O diálogo entre HQs e outras narrativas visuais também é o foco dos textos de Ivan Lima Gomes (UFG) e Amadeo Gandolfo (UBA). Gomes dedica-se a investigar as relações entre HQs e grafite tomando como referência Zé Ninguém, uma espécie de graphic novel que lança mão da estética do grafite para narrar a saga do personagem homônimo pelo Rio de Janeiro em paredes, muros, portas e outros suportes não tratados. Como resultado, essa cidade torna-se uma grande narrativa gráfica – ou uma street comics, de acordo com Tito na Rua, criador de Zé Ninguém – a ser interpretada de forma fragmentada por seus transeuntes.
Apoiado em uma leitura mais ampla sobre a obra de Oski, artista gráfico e ilustrador argentino, Gandolfo, por sua vez, parte para uma interpretação dos trânsitos visuais entre as linguagens do cinema e da ilustração gráfica, ao enfocar a adaptação cinematográfica de um desenho daquele criador.

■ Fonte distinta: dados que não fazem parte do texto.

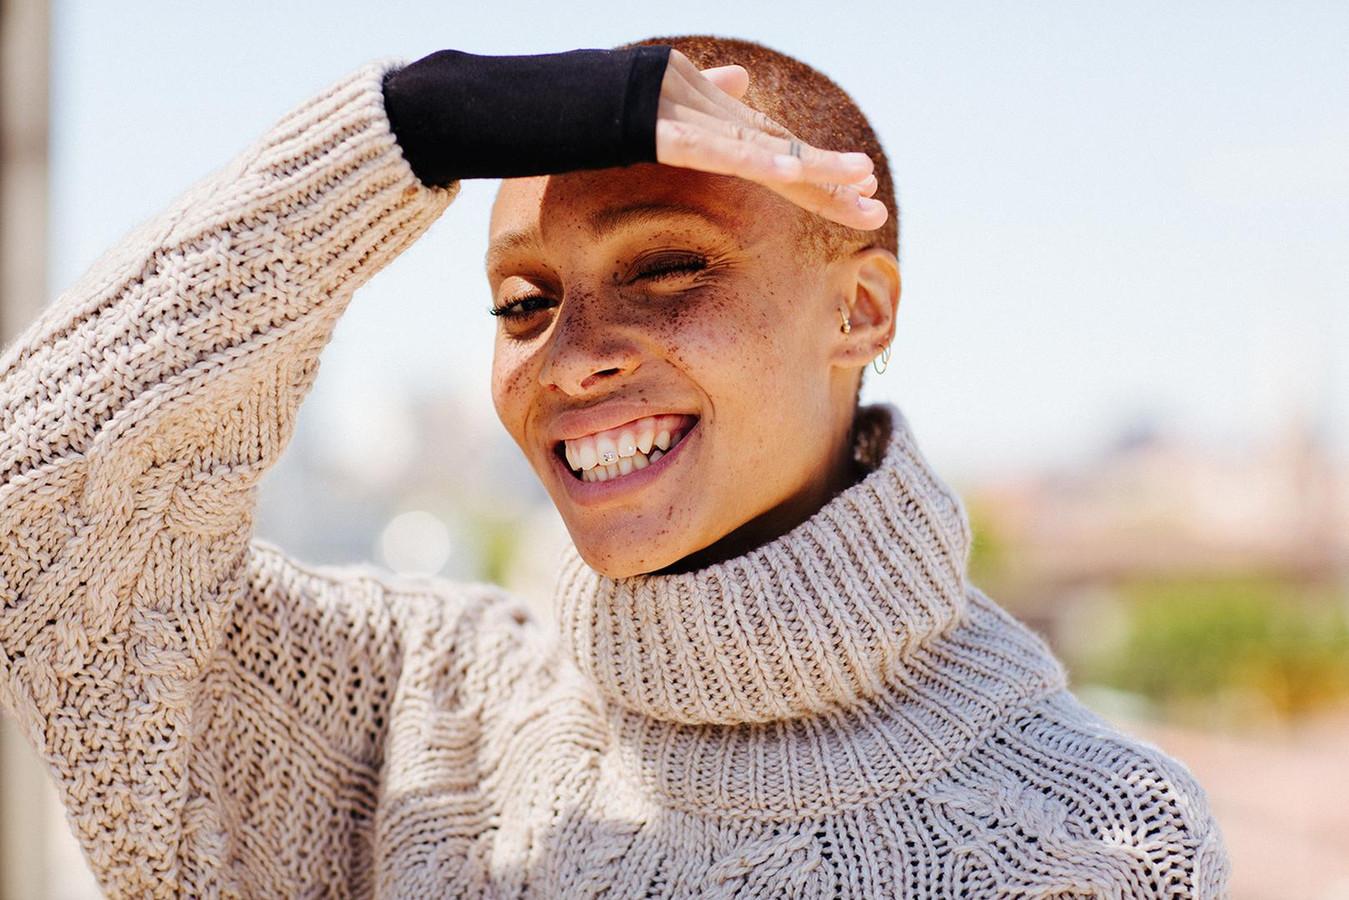 Adwoa Aboah hier in een campagne voor kledingketen H&M.

Sua abordagem ganha fôlego ao não defini-lo a priori como um quadrinista; antes, Gandolfo assume a produção de Oski como resultante de um original intercâmbio entre tradições antigas e modernas da ilustração, da publicidade e das HQs contemporâneas.
Para muitos, HQs significam histórias fantásticas, repletas de aventuras, reviravoltas e personagens de roupas berrantes. O cenário hoje é bem diferente, a ponto de termos uma série de HQs voltadas à representação da vida cotidiana e situações rotineiras. Por que representar um momento onde nada acontece? É o que Greice Schneider (UFS) busca analisar, baseada em um conjunto de graphic novels contemporâneas, de autoria, entre outros, de Seth, Dominique Goblet, Daniel Clowes, Lewis Trondheim e Gabrielle Bell.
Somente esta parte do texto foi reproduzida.